On a multi-core system, the shares of CPU time are distributed over all CPU
cores. Even if a container is limited to less than 100% of CPU time, it can
use 100% of each individual CPU core.

For example, consider a system with more than three cores. If you start one
container `{C0}` with `-c=512` running one process, and another container
`{C1}` with `-c=1024` running two processes, this can result in the following
division of CPU shares:

    PID    container	CPU	CPU share
    100    {C0}		0	100% of CPU0
    101    {C1}		1	100% of CPU1
    102    {C1}		2	100% of CPU2

## Runtime privilege, Linux capabilities, and LXC configuration

    --cap-add: Add Linux capabilities
    --cap-drop: Drop Linux capabilities
    --privileged=false: Give extended privileges to this container
    --device=[]: Allows you to run devices inside the container without the --privileged flag.
    --lxc-conf=[]: Add custom lxc options

By default, Docker containers are "unprivileged" and cannot, for
example, run a Docker daemon inside a Docker container.
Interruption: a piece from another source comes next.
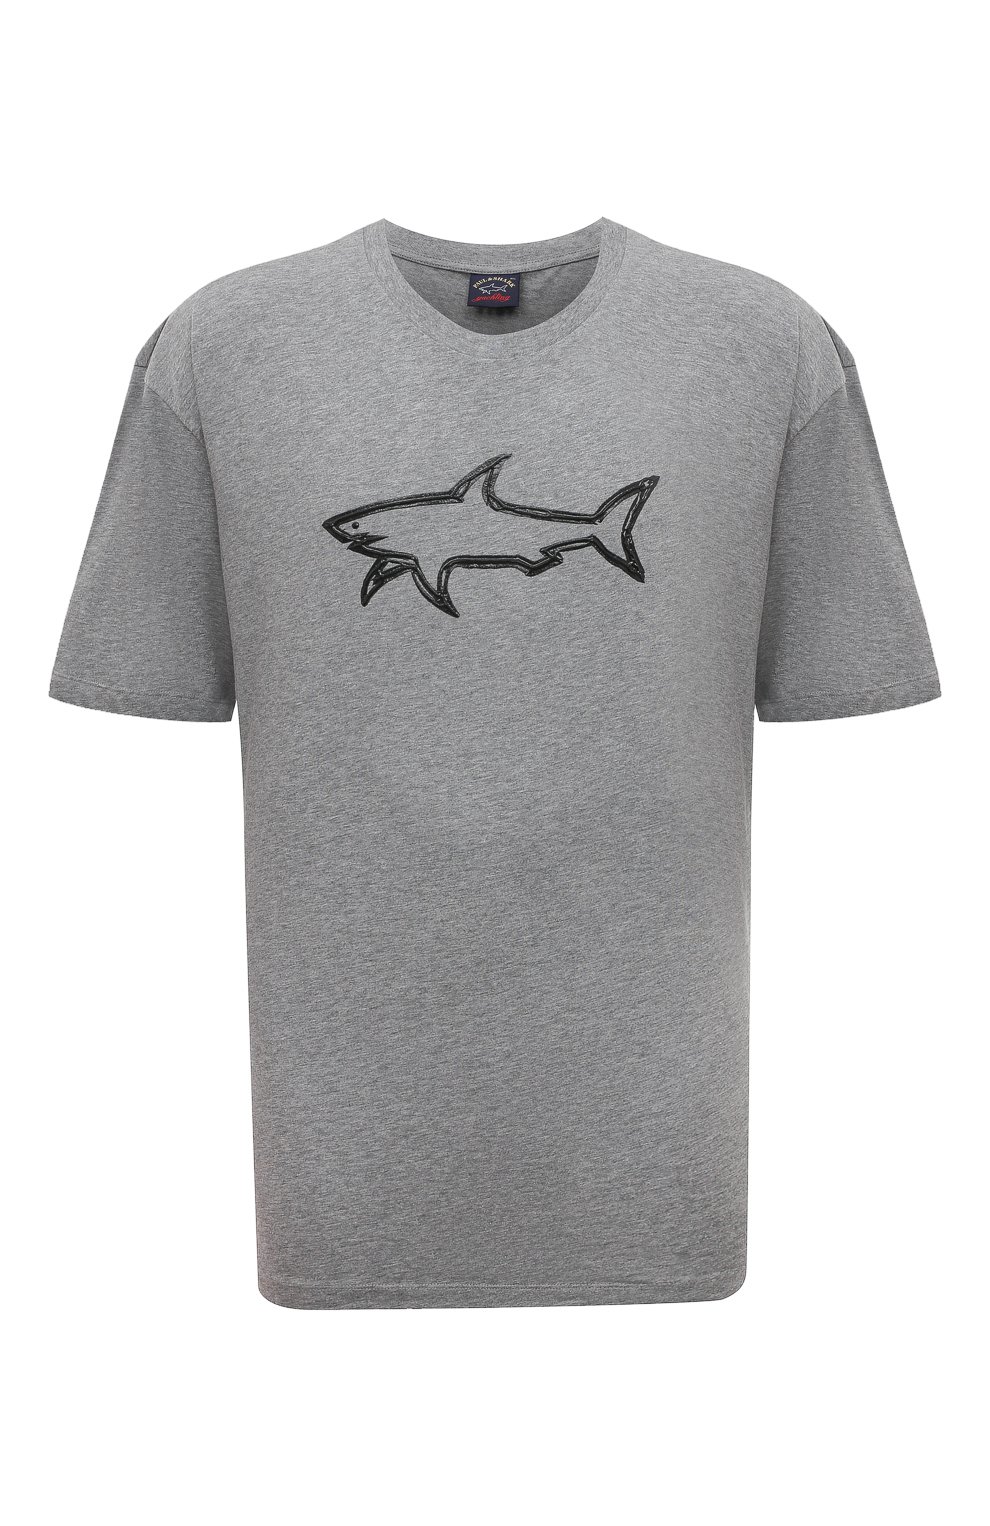 Футболки Paul&Shark, Хлопковая футболка Paul&Shark, Турция, Серый, Хлопок: 100%;, 13381599  - купить

This is because
by default a container is not allowed to access any devices, but a
"privileged" container is given access to all devices (see [lxc-template.go](
https://github.com/docker/docker/blob/master/daemon/execdriver/lxc/lxc_template.go)
and documentation on [cgroups devices](
https://www.kernel.org/doc/Documentation/cgroups/devices.txt)).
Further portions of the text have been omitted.